CharXiv is a comprehensive chart understanding benchmark from NeurIPS 2024 that evaluates multimodal large language models on realistic scientific charts from arXiv papers. It tests both low-level chart element perception (descriptive) and high-level reasoning about chart data.

Task Description#

  • Task Type: Chart Understanding (Descriptive + Reasoning)

  • Input: Scientific chart image + question

  • Output: Free-form text answer

  • Domains: cs, physics, math, eess, q-bio, q-fin, stat, econ

Key Features#

  • 2,323 real scientific charts from arXiv papers across 8 disciplines

  • Two question types:

    • Descriptive (4 per chart): Basic element identification (titles, axes, legends, trends, etc.)

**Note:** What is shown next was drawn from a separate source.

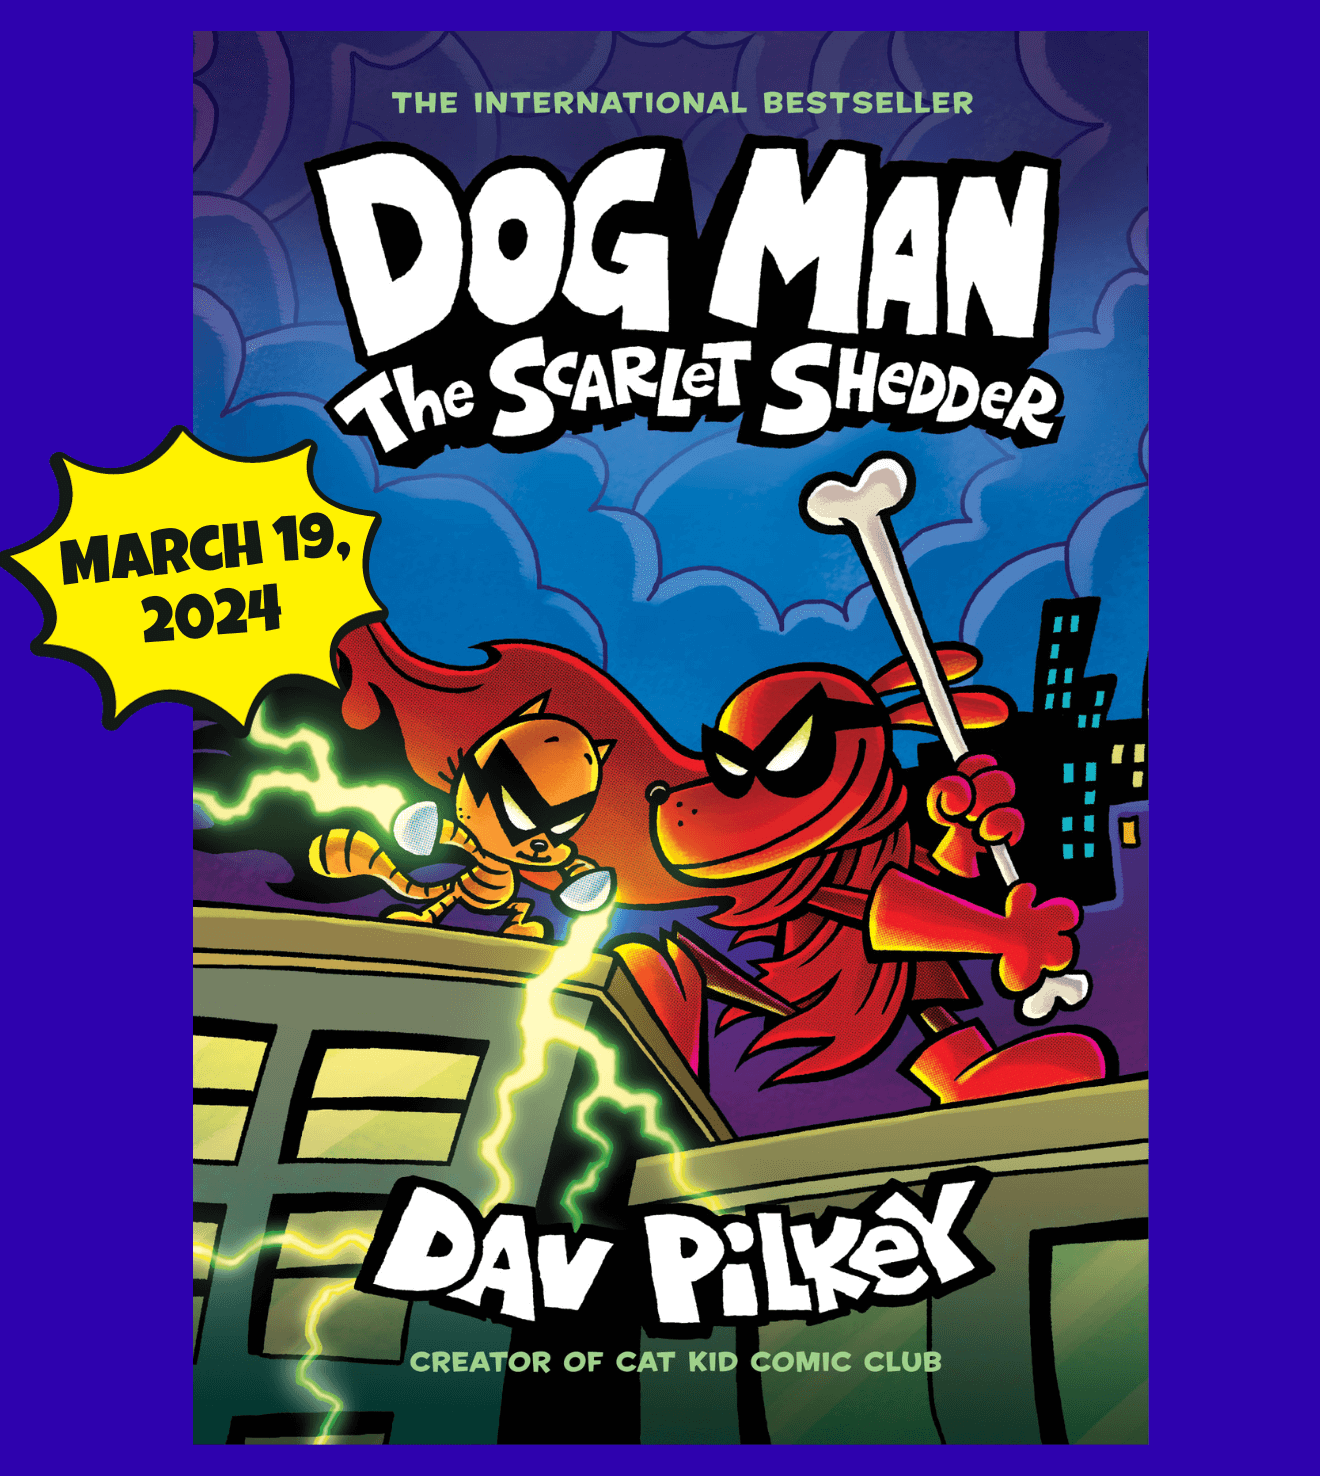 Dog Man The Scarlet Shedder by Dan Pilkey coming March 19, 2024

    • Reasoning (1 per chart): Higher-order reasoning requiring data synthesis

  • 19 descriptive question templates covering information extraction, enumeration, pattern recognition, counting, and compositionality

  • 4 reasoning answer types: text-in-chart, text-in-general, number-in-chart, number-in-general

  • Validation set (1,000 charts) and test set (1,323 charts)

  • Evaluation via LLM judge following the official CharXiv grading protocol

Evaluation Notes#

  • Default evaluation uses the validation split (1,000 charts, 5,000 questions)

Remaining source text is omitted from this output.